Ne abbiamo parlato ancora, con onestà intellettuale, senza retorica. Graziano Stacchio dice di non essere un eroe né tantomeno un giustiziere. Certamente non è un fanatico. Non è un militare professionista né un mercenario in zona di guerra. È un lavoratore, quasi pronto per andare in pensione, che va a caccia per passione e sa sparare. È un cittadino italiano. Poteva stare a guardare, come tutti gli altri. Magari Genny se la sarebbe cavata con qualche giorno d’ospedale, come è capitato alle due commesse di una gioielleria rapinata l’estate scorsa a Riccione. È facile parlare con il culo al caldo e dire la propria sui social o sulle pagine di un giornale. Bisogna immedesimarsi.
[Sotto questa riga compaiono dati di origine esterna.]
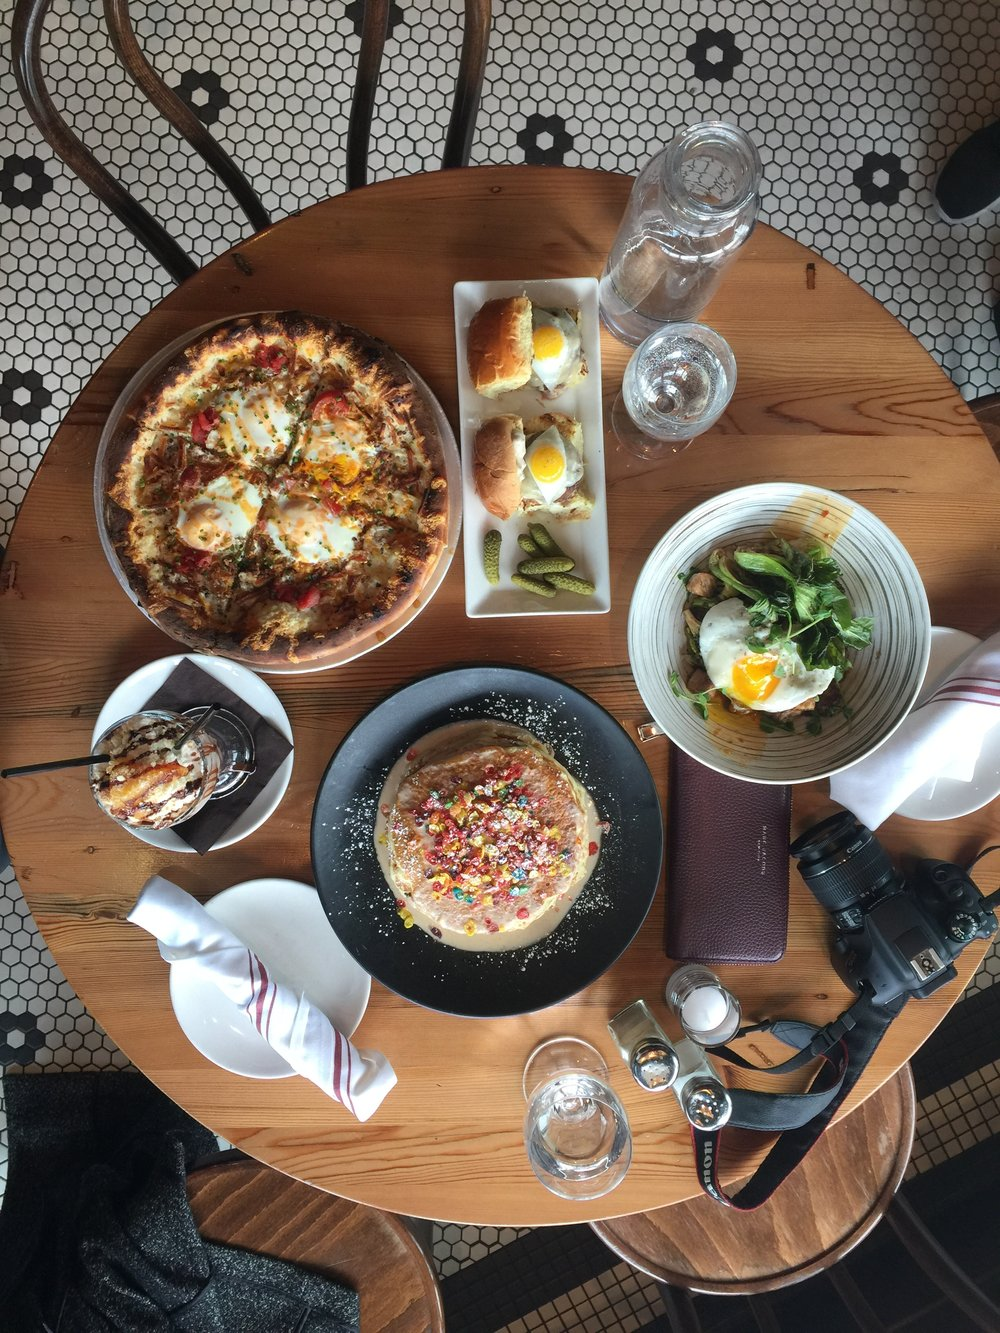 Lincoln-Tavern-Southie-Best-Brunch-Fruity-Pebbles-Pancakes

Bisogna entrare nella sua testa e vedere quello che vede lui e quello che vedono gli altri cittadini in quella scena da Far West per comprendere il suo coraggio. Bisogna sentire il battito del suo cuore mentre decide di agire. Dall’altra parte della strada ci sono cinque uomini armati e incazzati come pantere con una giovane donna che è riuscita a non farli entrare. E c’è un confine invisibile ma allo stesso tempo abissale che lui, consapevolmente, decide di oltrepassare. È il confine che separa lo spettatore dal protagonista. Prima Graziano Stacchio era invisibile, poi gli sparano addosso. Spettatore e protagonista. Perché lo ha fatto? Per Genny? Per un estremo senso civico? Chissà. Sta di fatto che oggi, dopo il suo gesto, l’Italia è un posto peggiore, perché è dannatamente vero che è “sventurata la terra che ha bisogno di eroi”. Ma Graziano Stacchio dobbiamo contraddirti. È questo che sei. Un eroe.

Forchielli intervistato da Michele Mengoli per Oblòg (9 Febbraio 2015)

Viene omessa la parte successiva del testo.